* _WORK INSTRUCTION_
Please return the full listing word for word, leaving out any pictures.

* _DATA EXTRACT_
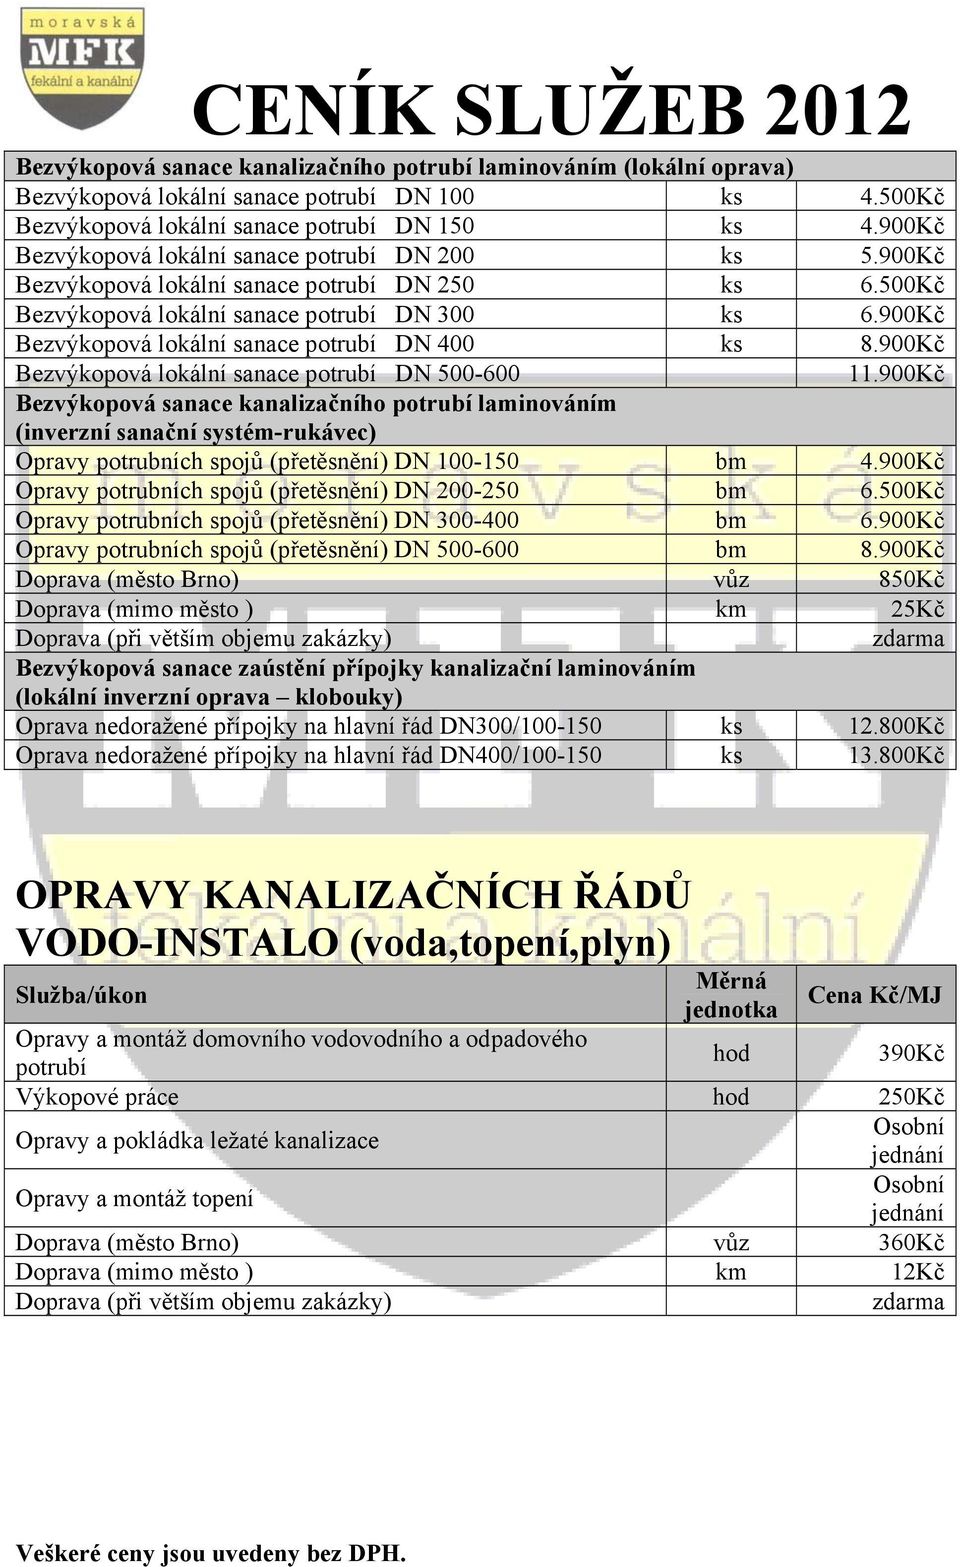 900Kč Bezvýkopová lokální sanace potrubí DN 400 ks 8.900Kč Bezvýkopová lokální sanace potrubí DN 500-600 11.
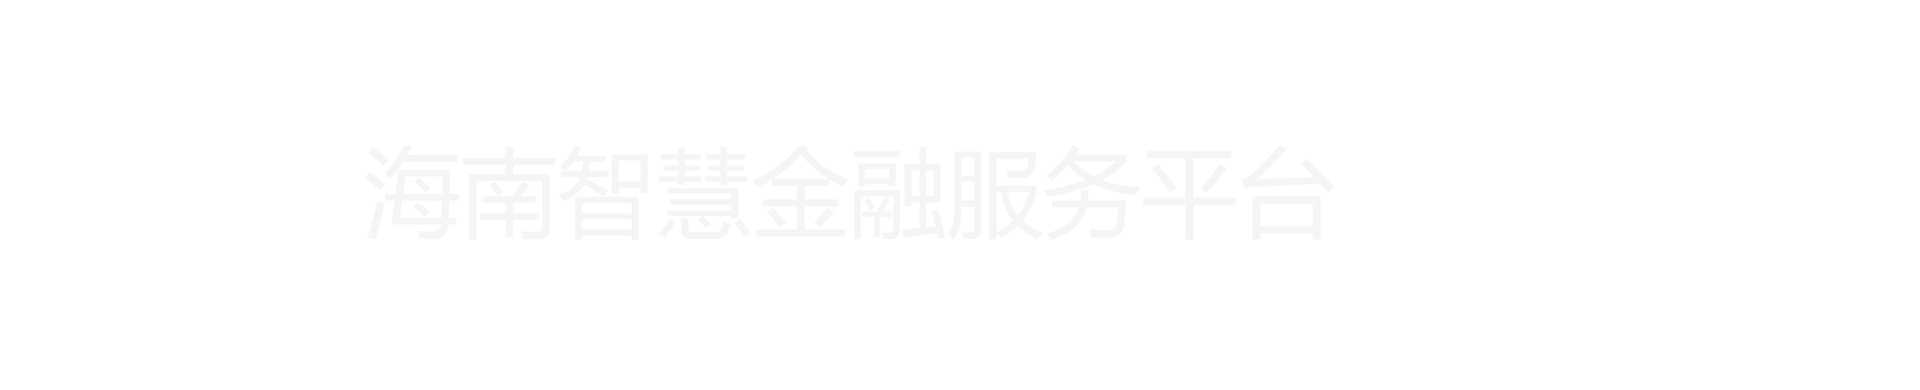 海南省智慧金融综合服务平台
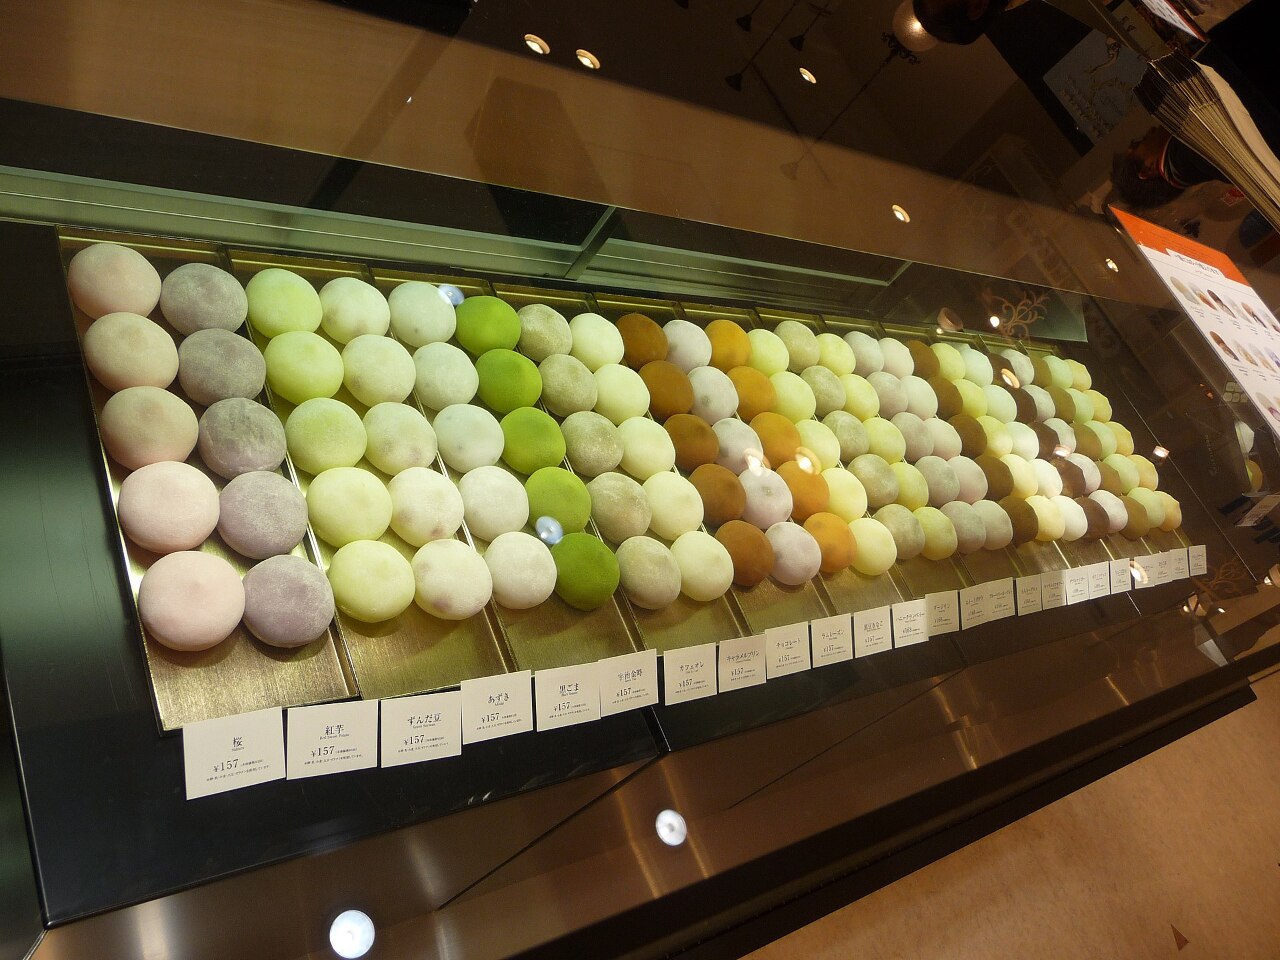 mochi japonais dans une boutique (photo wiki commons)
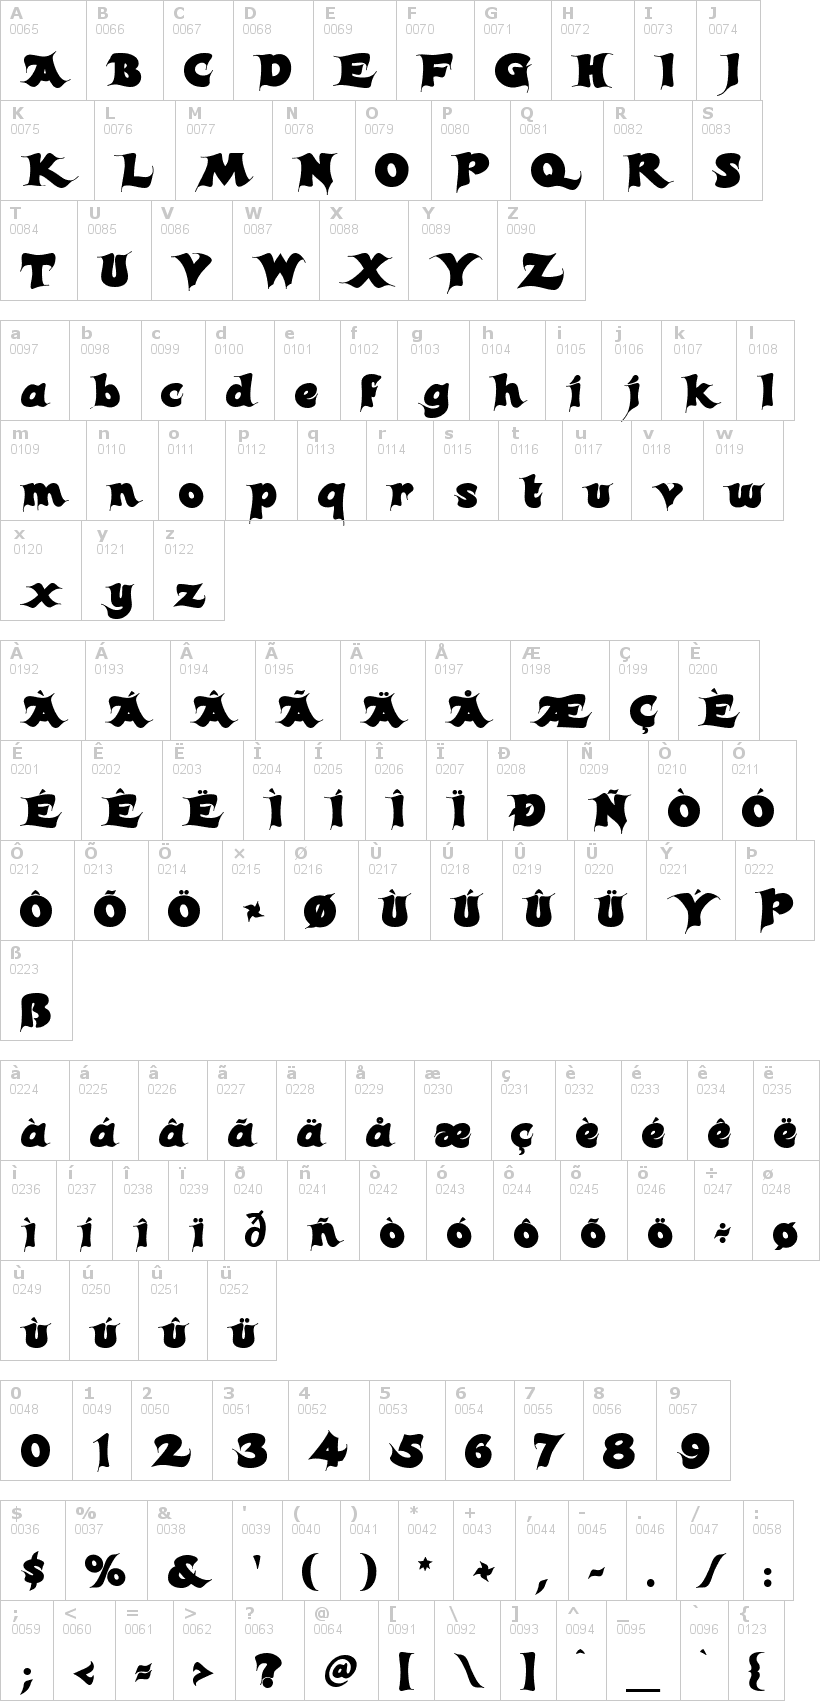 Lettere dell'alfabeto del font candles con le quali è possibile realizzare adesivi prespaziati

* _RESULT BELOW_
 900Kč Bezvýkopová lokální sanace potrubí DN 400 ks 8.900Kč Bezvýkopová lokální sanace potrubí DN 500-600 11.
 海南省智慧金融综合服务平台
 mochi japonais dans une boutique (photo wiki commons)
 Lettere dell'alfabeto del font candles con le quali è possibile realizzare adesivi prespaziati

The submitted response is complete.